Spooky or what?
Some 34 years ago Peter Tandy, a young curator at the Natural History Museum, happened upon a jewel while working among the great lines of mineral cabinets. From a scientific perspective, the stone was nothing special, though its setting was rather bizarre, bound by a silver ring decorated with astrological symbols and mystical words with two scarab-carved gems attached. It was a typewritten note that accompanied the jewel, an amethyst known as the Delhi Purple Sapphire, that caught Tandy’s eye.
“This stone is trebly accursed and is stained with the blood, and the dishonour of everyone who has ever owned it,” said the note, which had been written by Edward Heron-Allen, a scientist, friend of Oscar Wilde and the amethyst’s last owner. It carried a curse and had left a trail of bad luck and tragedy.
Heron-Allen claimed to have been so disturbed that he had surrounded the amethyst with supposedly protective charms and sealed it inside seven boxes before leaving it to the museum in his will. His letter concluded: “Whoever shall then open it, shall first read out this warning, and then do as he pleases with the jewel. My advice to him or her is to cast it into the sea.” While they were sceptical, Tandy and his colleagues agreed to keep quiet about the curse.
The jewel might have remained hidden if its remarkable story had not caught the imagination of staff working to relaunch the museum’s public mineral gallery, the Vault. On Wednesday, the Delhi Purple Sapphire will go on permanent display at the museum, complete with a label declaring its reputation as “trebly accursed”.
A supernatural tale might seem to sit a little uneasily in one of the world’s great scientific institutions. But according to Alan Hart, head of collections in the mineralogy department, such narratives give the collection a cultural dimension that appeals to visitors.
“People ascribe precious stones with all sorts of legends. All it needs is for one owner to declare it to be cursed or lucky and the story will remain with the stone as it is passed from person to person through history,” he says.
But that the Delhi Purple Sapphire was cursed was never doubted by Heron-Allen’s family. Ivor Jones, his grandson, a 77-year-old former naval officer, refuses to handle the jewel.
“My mother certainly wouldn’t touch it and she recommended that we didn’t either because of the curse,” he says. Heron-Allen was one of the most remarkable individuals ever associated with the Natural History Museum. Independently wealthy, he trained as a solicitor while simultaneously learning the art of violin-making – his book on the history of the instrument, published in 1884, is still in print. He studied Persian and wrote a prose translation of The Rubaiyat of Omar Khayyam. But it was as a scientist that he forged the strong bond with the museum that would ultimately see the cursed amethyst wind up in South Kensington.
He had a lifelong fascination with foraminifera, single-celled aquatic organisms that create exquisite, shells and by the time he died in 1943 he had already given the museum the world’s finest library of works on the subject.

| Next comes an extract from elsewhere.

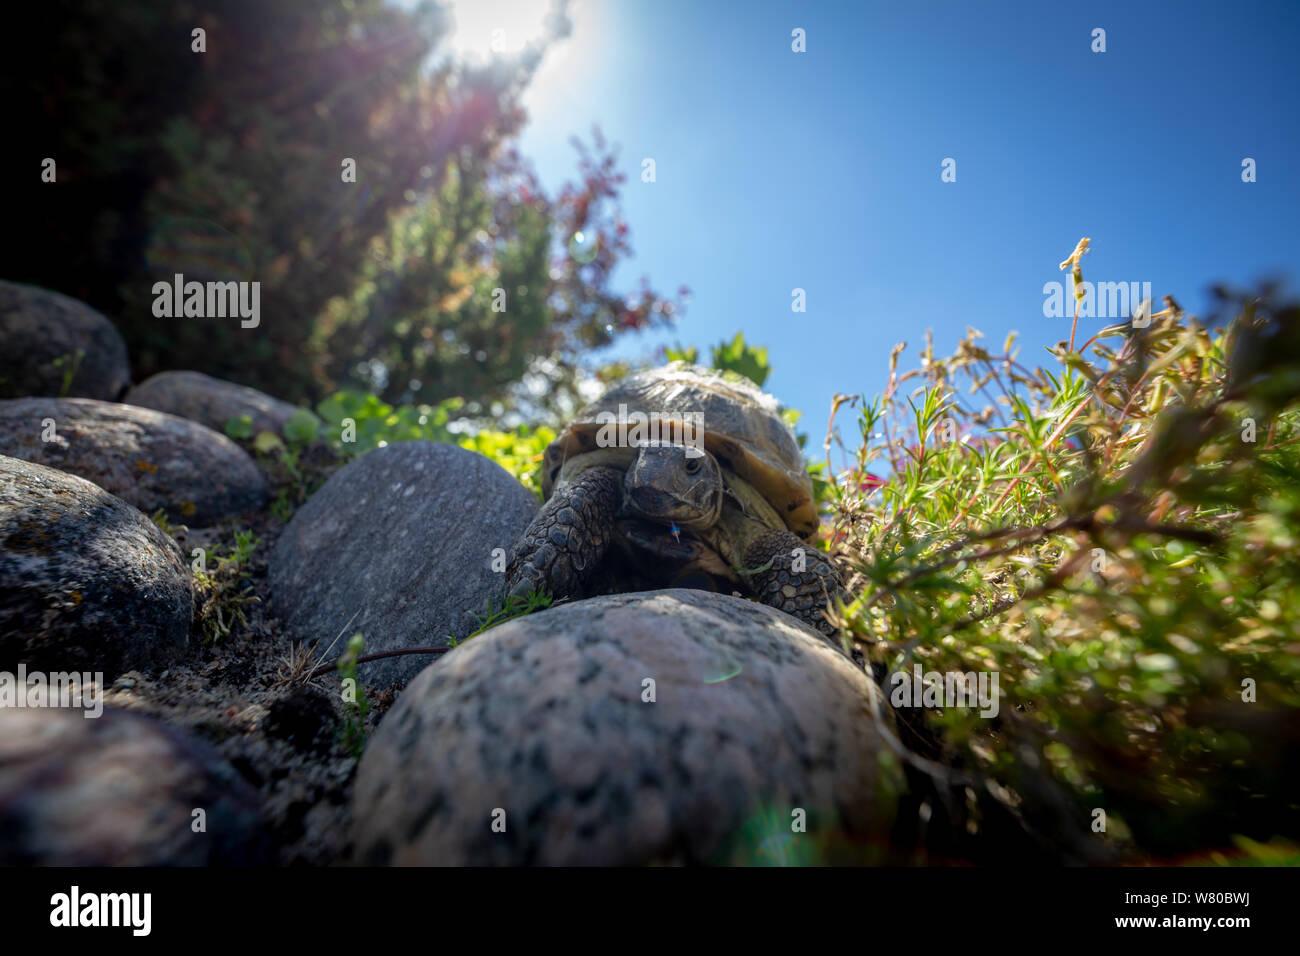 Russian tortoise exploring Stock Photo

But later that year a box arrived that nobody had been expecting. The accompanying note, written by Heron-Allen told the story of the Delhi Purple Sapphire. It had, Heron-Allen said, been brought to the UK by a Bengal cavalryman Colonel W Ferris after being looted from the Temple of Indra in Cawnpore – now Kanpur – during the Indian Mutiny in 1857. The soldier thereafter lost money and health, his son doing likewise after inheriting it. A family friend who possessed it for a short time committed suicide.

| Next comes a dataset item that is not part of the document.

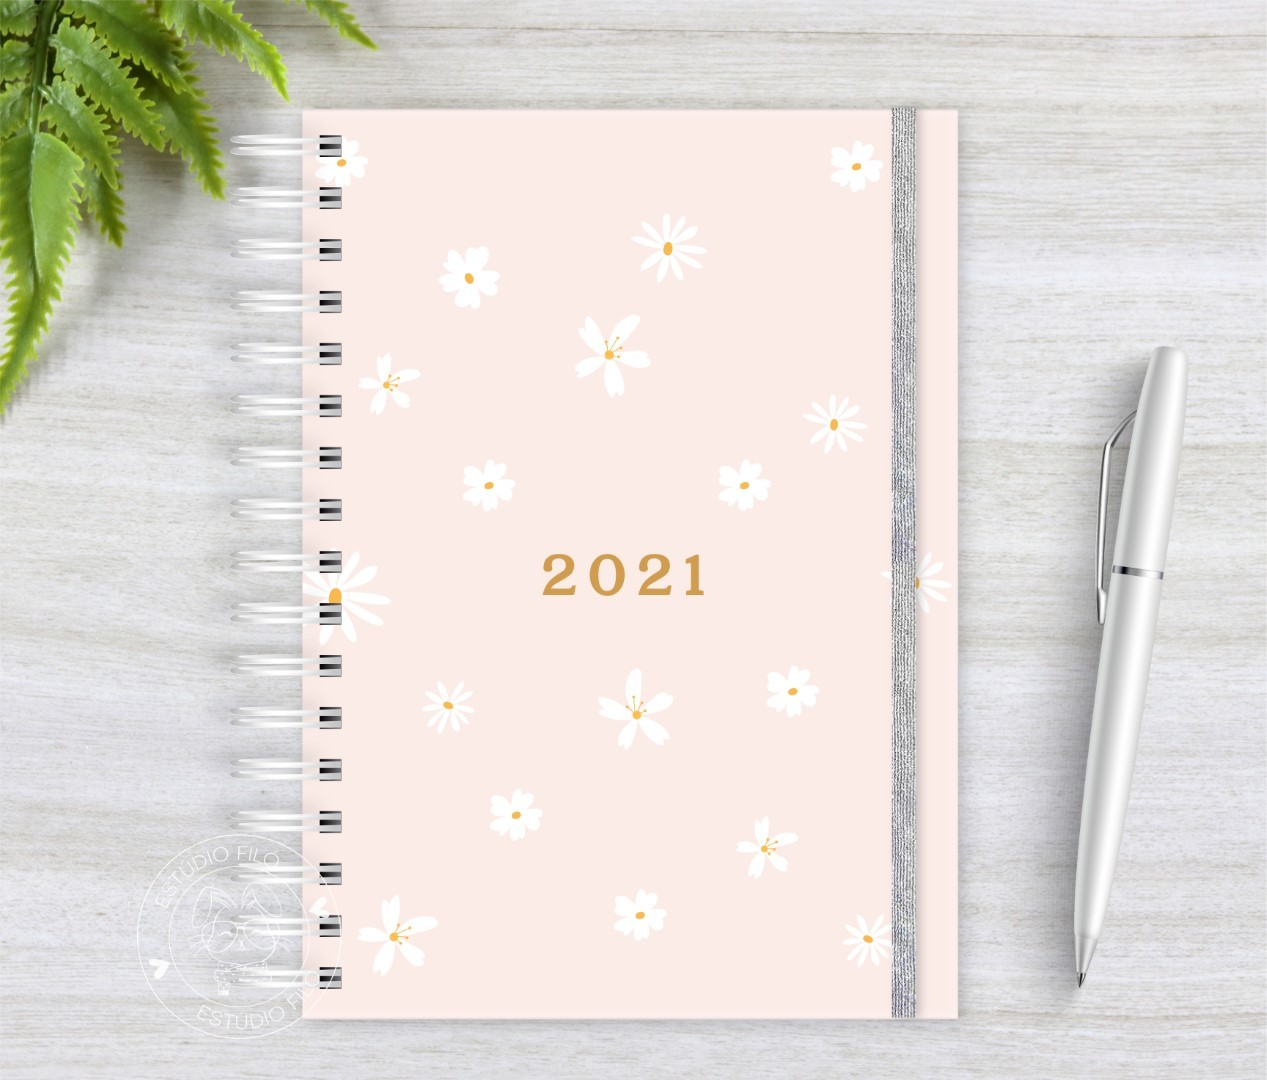 Agenda margarida 2021

Heron-Allen was given the stone in 1890 and was immediately beset by misfortunes. He twice gave the stone to friends who had asked for it – one “was thereupon overwhelmed by every possible disaster”, the other, a singer, found “her voice was dead and gone and she has never sung since”.
He even claimed to have thrown the amethyst into Regent’s Canal only for it to be returned to him three months later by a dealer who had bought it from a dredger.
In 1904 he had had enough. He declared: “I feel that it is exerting a baleful influence over my newborn daughter”, had it shipped to his bankers with instructions that it be locked away till after his death. It might sound farfetched but even scientists are not immune to the story’s power. Seven years ago John Whittaker, former head of micropalaeontology at the Natural History Museum, took the amethyst to the first annual symposium of the Heron-Allen Society, an organisation founded to discuss the man’s life.
On the way home, he says, “the sky turned black and we were overtaken by the most horrific thunderstorm I’ve ever experienced. It was so bad we considered abandoning the car and my wife was shouting, ‘Why did you bring that damned thing?’ ” Whittaker was taken violently ill with a stomach bug the night before the second symposium and he missed the third when he developed a kidney stone. The fourth symposium, in 2004, was held at the museum. “We were all a bit apprehensive on the eve of that meeting,” he says.